Changing stroke rehab and research worldwide now.Time is Brain! trillions and trillions of neurons that DIE each day because there are NO effective hyperacute therapies besides tPA(only 12% effective). I have 523 posts on hyperacute therapy, enough for researchers to spend decades proving them out. These are my personal ideas and blog on stroke rehabilitation and stroke research. Do not attempt any of these without checking with your medical provider. Unless you join me in agitating, when you need these therapies they won't be there.

What this blog is for:

My blog is not to help survivors recover, it is to have the 10 million yearly stroke survivors light fires underneath their doctors, stroke hospitals and stroke researchers to get stroke solved. 100% recovery. The stroke medical world is completely failing at that goal, they don't even have it as a goal. Shortly after getting out of the hospital and getting NO information on the process or protocols of stroke rehabilitation and recovery I started searching on the internet and found that no other survivor received useful information. This is an attempt to cover all stroke rehabilitation information that should be readily available to survivors so they can talk with informed knowledge to their medical staff. It lays out what needs to be done to get stroke survivors closer to 100% recovery. It's quite disgusting that this information is not available from every stroke association and doctors group.

Saturday, November 24, 2018

Migraines Mimicking Stroke Still Pose Diagnostic Challenges

What EXACTLY is your stroke hospital doing to not have this error in their ER? Are they even measuring false positives?  
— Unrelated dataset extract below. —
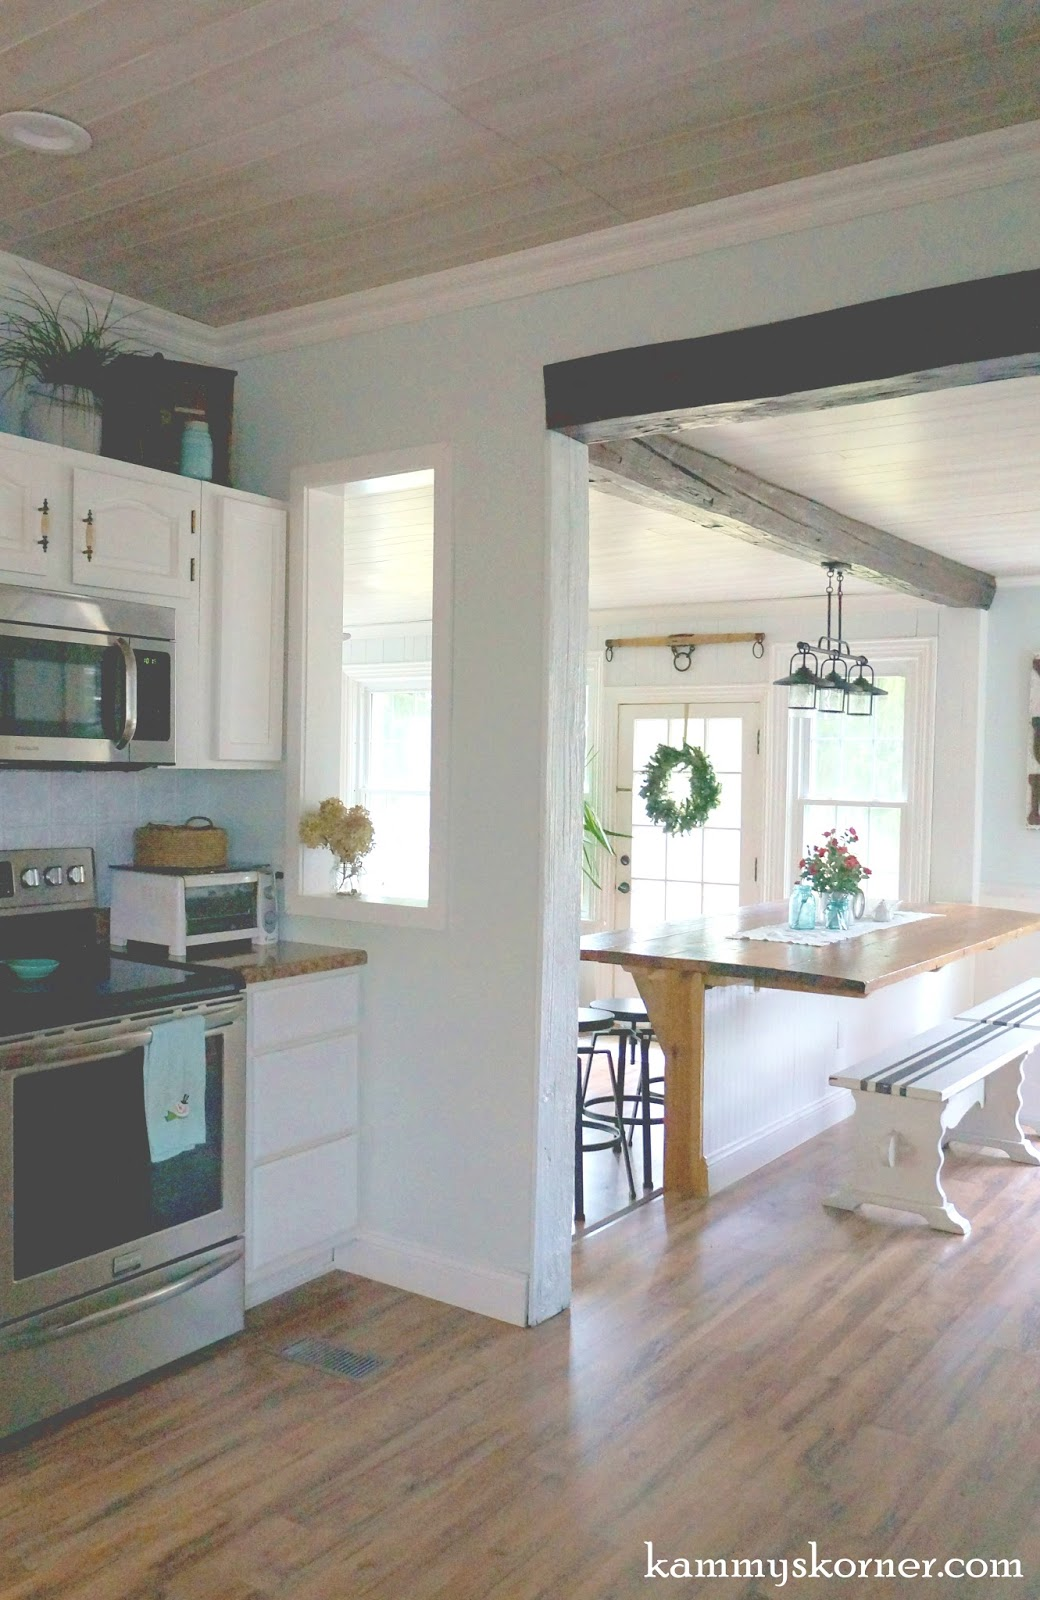 Pass Through Kitchen Window Serving Cart Kammy 39s Korner Make Your Home More Open Cut An Indoor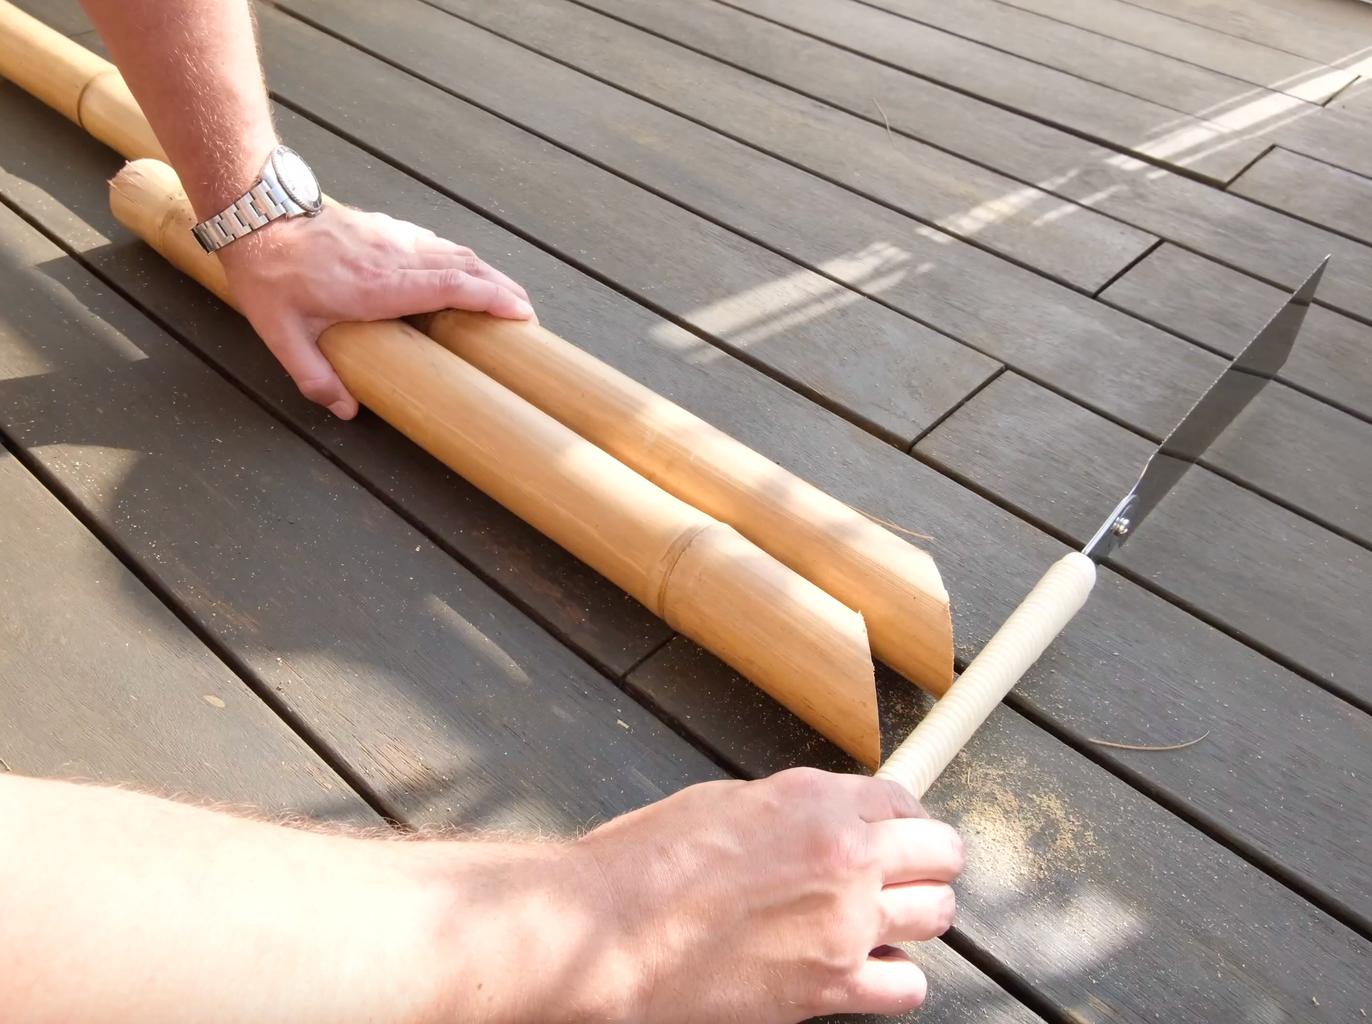 Cut the Bamboo

Migraines Mimicking Stroke Still Pose Diagnostic Challenges

Migraine with aura responsible for 18% of improper thrombolytic treatments

  • by Contributing Writer, MedPage Today
SCOTTSDALE, Ariz. -- Migraine with aura is one of the three most common conditions, along with seizures and psychiatric disorders, that mimic stroke and can lead to inappropriate thrombolytic treatment, a researcher said here.
"There are other forms of stroke mimics, but these are the big three," said R. Allan Purdy, MD, of Dalhousie University in Halifax, Nova Scotia, Canada, at a plenary session at the American Headache Society Scottsdale Headache Symposium.
"There can't be a neurologist or healthcare professional who hasn't thought about what might happen if tissue plasminogen activator (tPA) is given to a patient with migraine," Purdy noted. "Since 1995 when tPA came out, there's been a concern that, at some point, we might be giving it to a patient with a stroke mimic."
Earlier this year, a systematic review found that migraine with aura was responsible for 1.79% of all emergency stroke unit evaluations, possibly due to efforts to reduce door-to-needle time for tPA (alteplase) stroke treatment. Migraine with aura was the third most common mimic.
Nearly 7% of tPA administrations were for non-stroke events, with migraine making up about 18% of these. Despite a lack of strong supporting data, thrombolysis in migraine with aura appeared to carry an extremely low risk of adverse events (0.01%), the authors concluded.
"This review was important because of what came out almost at the same time, which were the 2018 guidelines for the early management of stroke," said Purdy. Those guidelines stated that "the risk of symptomatic intracranial hemorrhage in the stroke mimic population is quite low; thus, starting IV alteplase is probably recommended in preference over delaying treatment to pursue additional diagnostic studies."
"The key word here is 'probably' -- and this is important to recognize," Purdy said. "On balance, a lot of patients with stroke mimics have been given tPA, and although the untoward event percentage is extremely low, it's never going to be zero."
The aura is the thing to focus on, Purdy pointed out. "It's not the headache that you can analyze and determine whether it's a stroke mimic, because a lot of patients with transient ischemic attack (TIA) and stroke have headache. You have to look at the aura." The secret to distinguishing migraine from stroke may be in cases with a "slow march of a migraine aura over 20 minutes," in contrast to the abrupt onset of aura symptoms in strokes, he said. Unlike stroke, migraine also can involve one side of the tongue, he added.
In the systematic review, migraine patients tended to arrive quickly at the hospital, often within 1 hour of clinical onset. Overall, stroke mimic patients often were younger, more frequently women, had fewer cardiovascular risk factors, and showed psychiatric disorders as the most common comorbidity. The presence of neurological aura in young women, particularly if it involves speech or vision without hemiplegia, could signify a stroke mimic, Purdy noted. While that group also is risk for stroke, especially women who smoke and use oral contraception medication, "this would be a group you would look at very carefully before giving tPA," he said.
"The neurological differential diagnosis is still important in the emergency department," Purdy observed. "One still has to differentiate what's actually going on. This is important; the therapy is not without risk."
It's important to bear in mind that reaching a correct treatment decision requires knowledge of neurovascular anatomy, clinical stroke syndromes, and common mimics -- all while remembering time is brain, Purdy noted. "A quick assessment of patients takes away the opportunity for a reflective assessment, which we were all trained to think about," he said.
Purdy disclosed no relevant relationships with industry.